商成被人簇擁着回到自己住的院子,先沒填肚子,叫來熱水舒舒服服地洗了個澡,又洗了頭颳了臉,這才覺得一身的疲憊消減了不少。他這是剛從燕西視察軍務回來。從枋州到燕州兩天一夜的縱馬馳騁,半道上只歇息了兩個時辰,就算他年輕力壯筋骨結實,四百多裡地跑下來也有些煎熬不住。此刻眯縫着眼睛浸泡在熱乎乎的湯水裡,腦子裡昏昏沉沉地什麼事情也不思考,就覺得一股子慵懶勁悠然而生,從四肢漸漸彌散到百骸,最後滲透到他的腦海裡……

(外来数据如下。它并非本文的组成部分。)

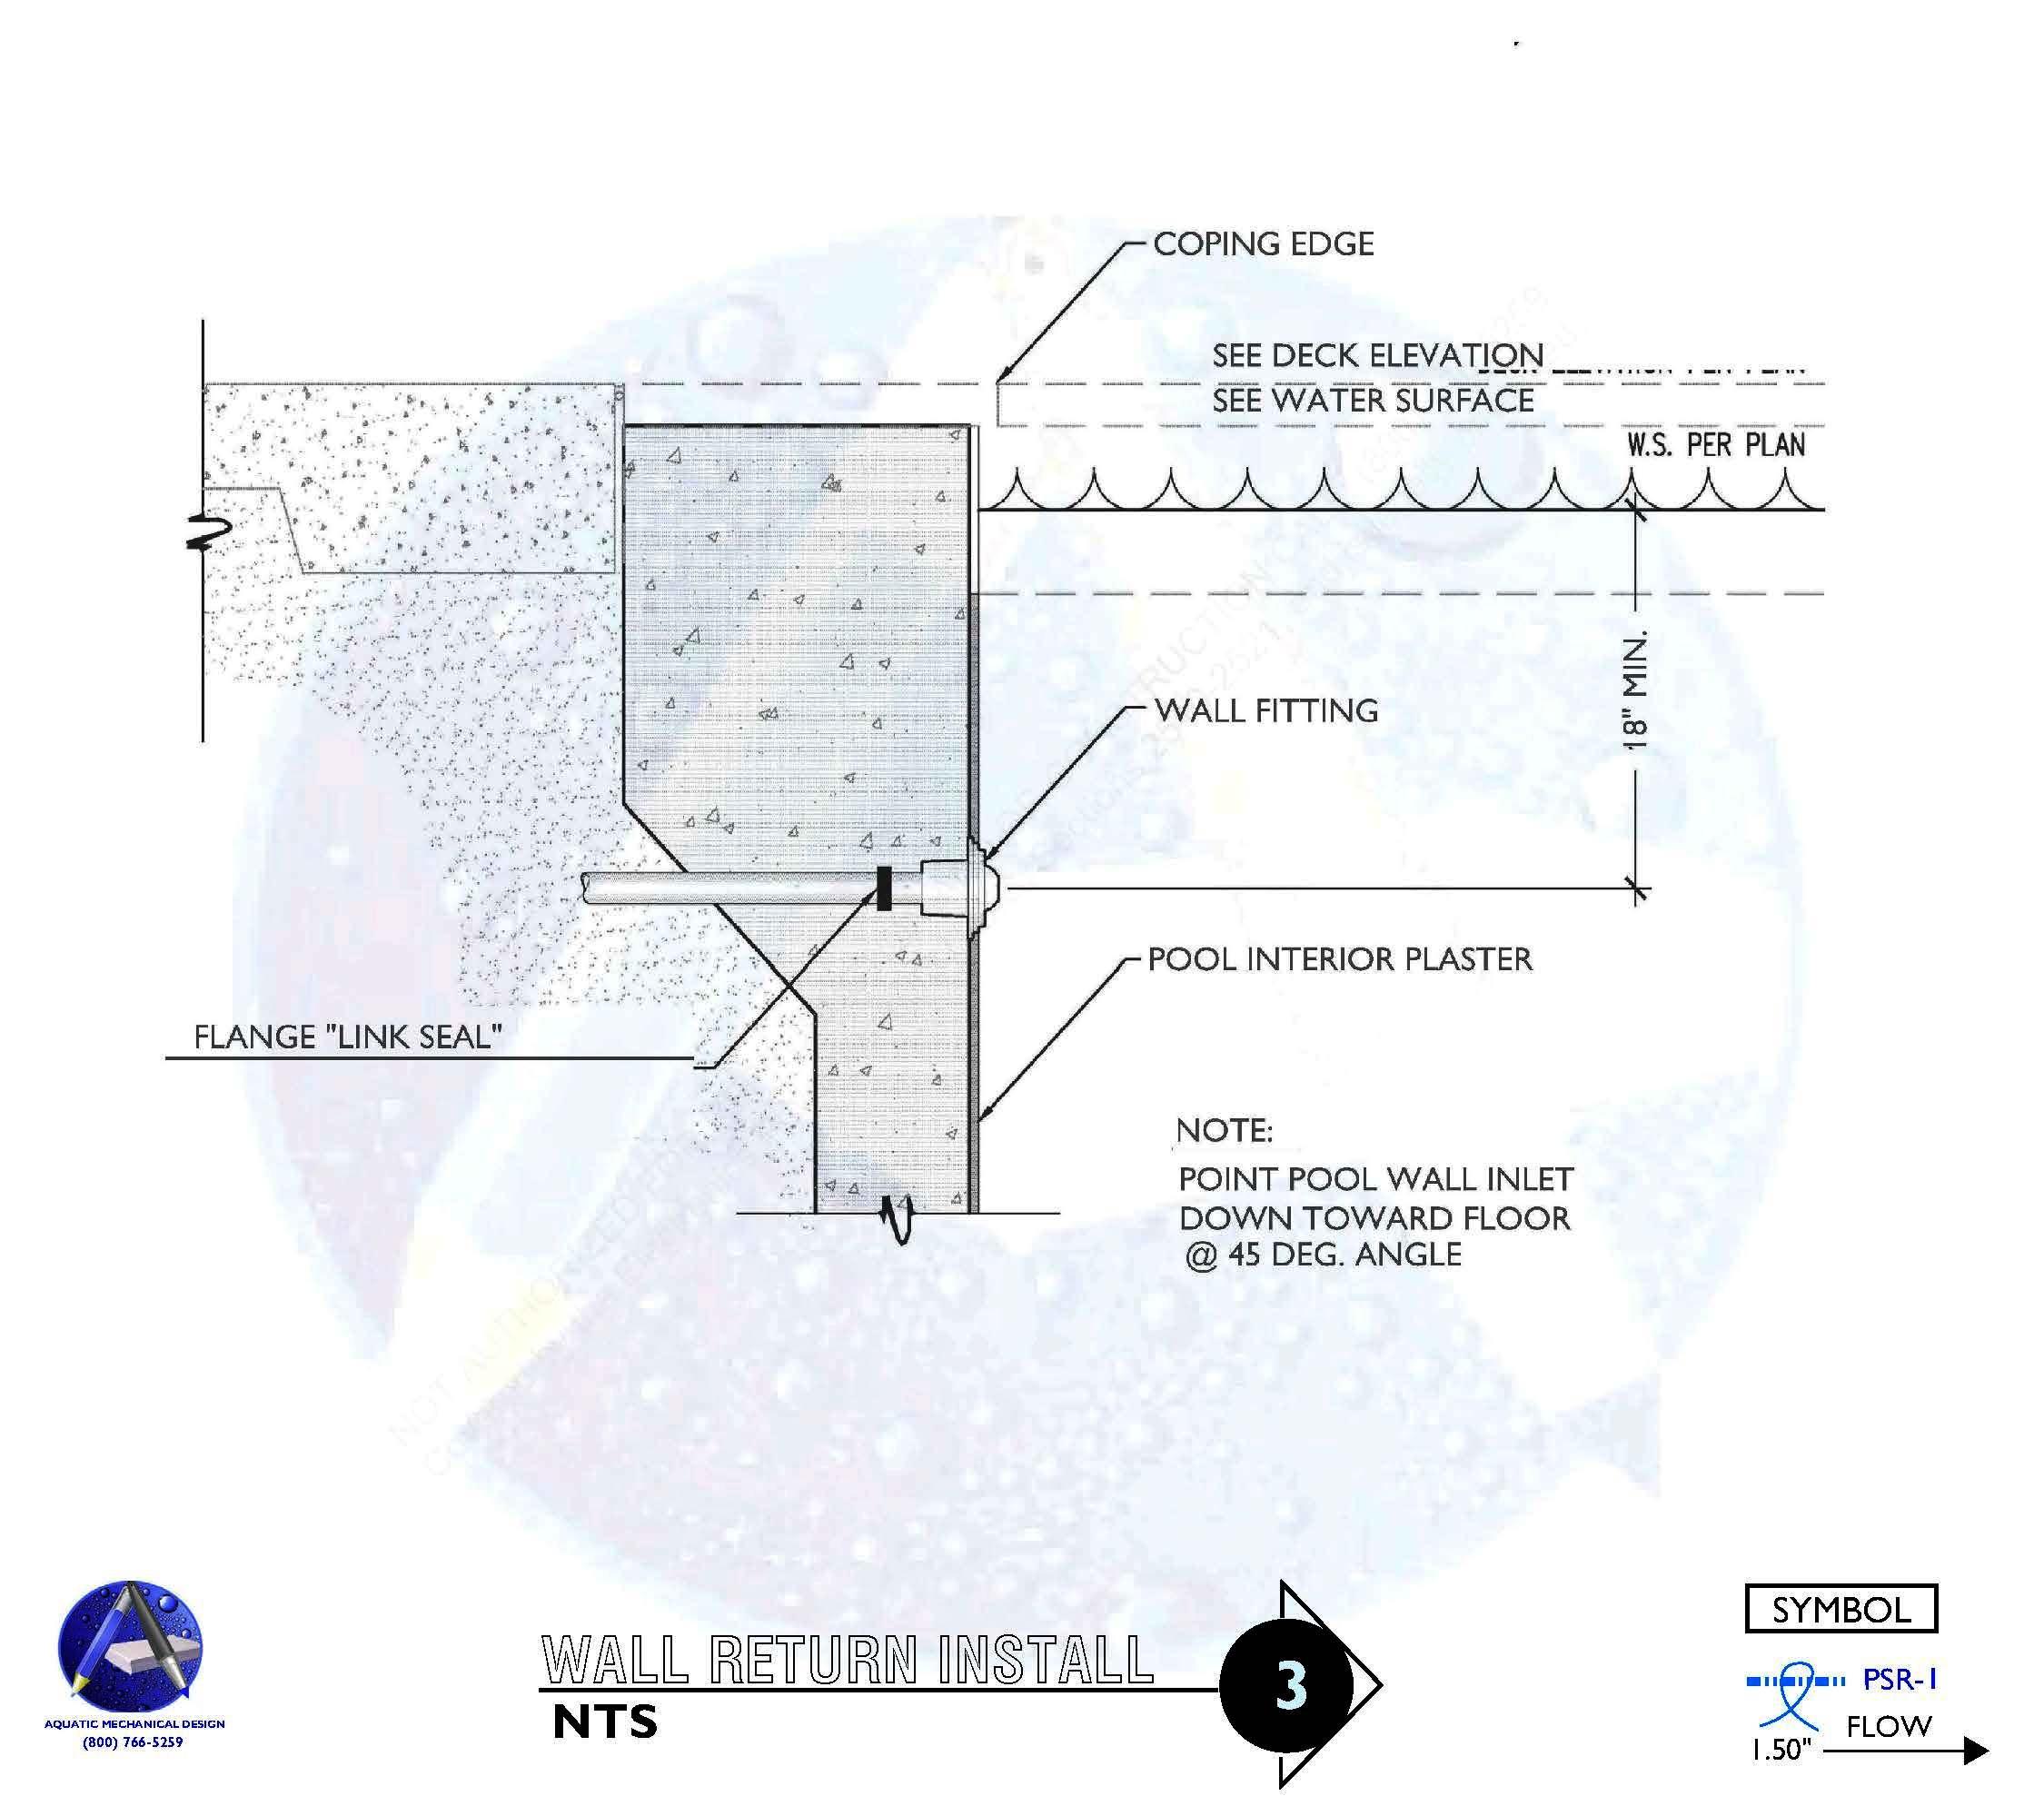 WALL RETURN DETAIL

恍惚間他看見自己的導師。背有點駝的導師佝僂着腰坐在一大堆書本里,目光從厚厚的眼鏡架上面投射過來,望着他說:“前兩天市委組織部想找個人去幫他們做點文案工作,我向他們推薦了你。你好好幹,說不定畢業之後就能過去……”他剛點頭應承,轉眼系裡的書記也過來了,親切地問他:“小商,學校政工處王處長又在問起你了,你拿定主意沒有,以後是不是留校?”他撓着頭不好意思地說:“還早哩,我暫時還沒想過這事。”書記既象是理解他的難處,又象是在提醒,笑着說,“是個機會。你要把握……”他正要做解釋,就看見已經調到自治區工作的集團公司老總。老總寬和地說:“是留在重慶,還是回來,你自己拿主意。不過我看還是回來幹比較好。畢竟這裡的情況你熟悉……”他只好對他們說:“我暫時還沒想過這事。”忽然英語系二年紀那個對自己很有好感的女生也過來了,伸着手指頭點着他的肩窩,笑吟吟地說:“別忘了,你還欠我一頓飯。”
……房頂上“喵”的一聲叫把他從迷朦中驚醒過來。他扒拉着桶沿瞪着倆眼望着黑黢黢的房樑,半天才想起來自己這是身在何處。
他搖着頭從已經涼了的浴湯裡走出來,換上一身寬鬆的棉布衣裳,踢趿着布鞋走到前院。唉,自己這一走就是十來天,不知道有多少事情急等着自己去處理;怎麼就迷瞪過去了?自己有多久沒有想起過去的事了?三個月還是半年?或者更長……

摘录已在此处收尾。